|Malmierca, M - University Of Leon|
|Barua, J - University Of Cadiz|
|Cardoza, R - University Of Leon|
|Alexander, N - Retired ARS Employee|
|Izquierdo-bueno, I - University Of Cadiz|
|Barreiro, C - Inbiotec|
|Collado, I - University Of Cadiz|
|Monte, E - University Of Salamanca|
Submitted to: Meeting Abstract
Publication Type: Abstract Only
Publication Acceptance Date: 6/11/2015
Publication Date: 6/11/2015
Citation: Malmierca, M.G., Barua, J., McCormick, S.P., Cardoza, R.E., Alexander, N.J., Izquierdo-Bueno, I., Barreiro, C., Collado, I.G., Monte, E. 2015. Regulation of Botrytis cinerea virulence genes in interaction with Trichoderma arundinaceum is mediated by the sesquiterpene harzianum A. Meeting Abstract. 0710.
Technical Abstract: Trichoderma includes a great diversity of species, some of them with the ability to control the growth of fungal phytopathogens. Many of these strains produce secondary metabolites that are able to inhibit the growth of their fungal preys.

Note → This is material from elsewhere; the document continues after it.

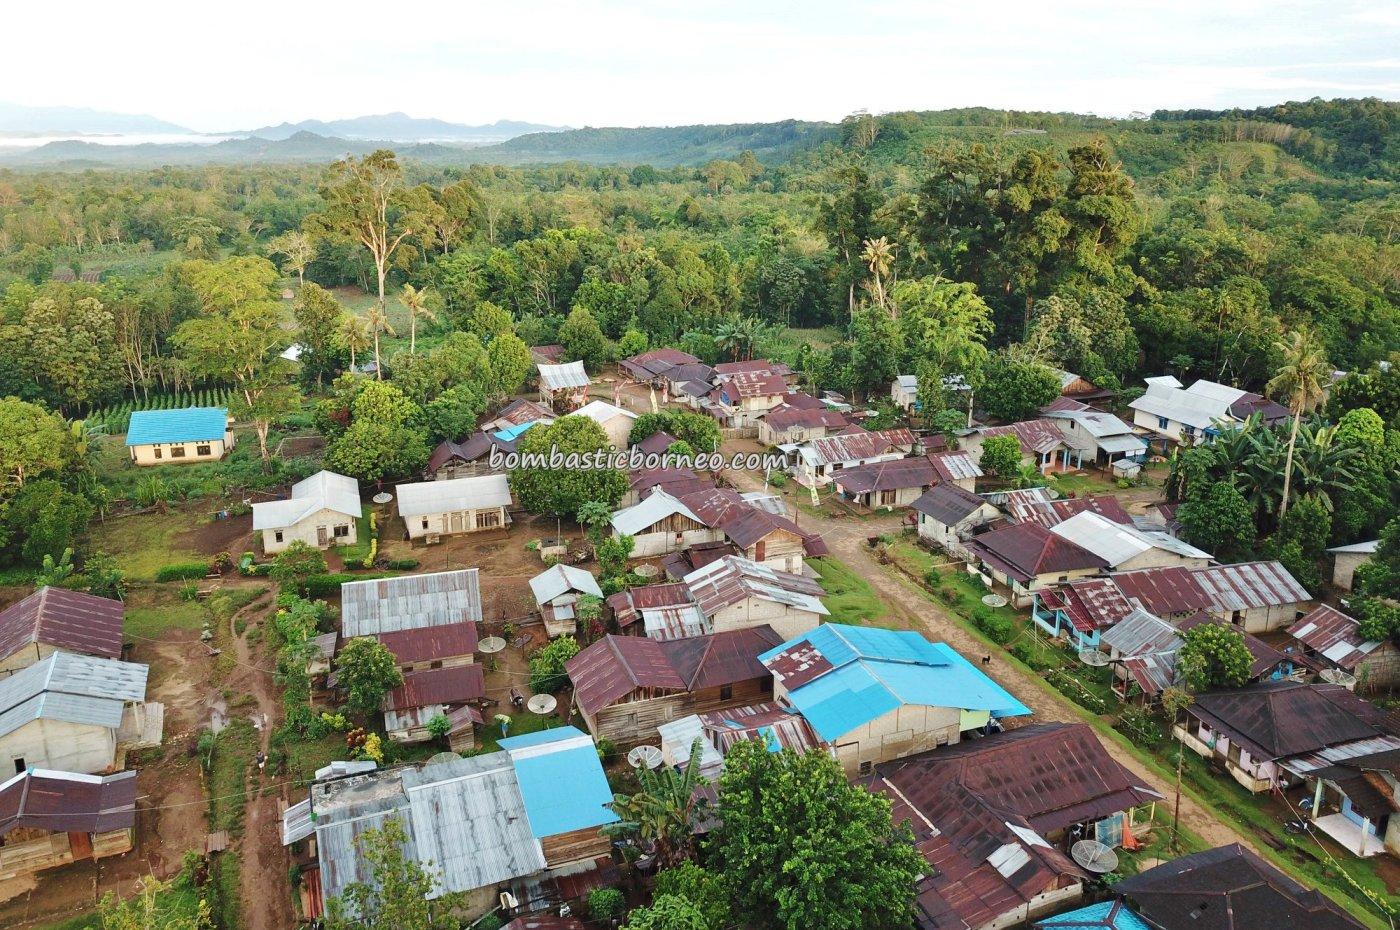 traditional, authentic, destination, Borneo, Bengkayang, West Kalimantan, Indonesia, Dusun Laek, Desa Bengkilu, Tujuh Belas, native, village, Tourism, travel guide, transborder,

However, pathogens can also produce metabolites that in some cases belong to the same family of those produced by Trichoderma. In the present work we study the interaction between Harzianum A (HA) produced by T. arundinaceum (Ta37) and botrydial (BOT) produced by Botrytis cinerea. HA exhibits antifungal activity, and BOT is a strong virulence factor in plant disease. A procedure of confrontation between these two strains was implemented, followed by the analysis of gene expression by real-time PCR using mycelia isolated from the confrontation areas. To better characterize the regulatory responses produced by HA, the TaDTri5 mutant, isolated by disruption of tri5 gene and blocked in the synthesis of HA, was also used. It was observed that HA induced expression of genes involved in BOT biosynthesis when HA was added to B. cinerea growing alone. However, in confrontation experiments against TaDTri5 the expression of these genes was higher than in confrontation with Ta37, indicating that the mutant must produce some metabolite/s, responsible for such induction. A different metabolite production pattern was described for Ta37 and TaDTri5, which is in agreement with the proteomic characterization of these two strains, suggesting that genetic disruption of tri5 had a systemic effect of the fungal physiology not only restricted to the terpene pathway.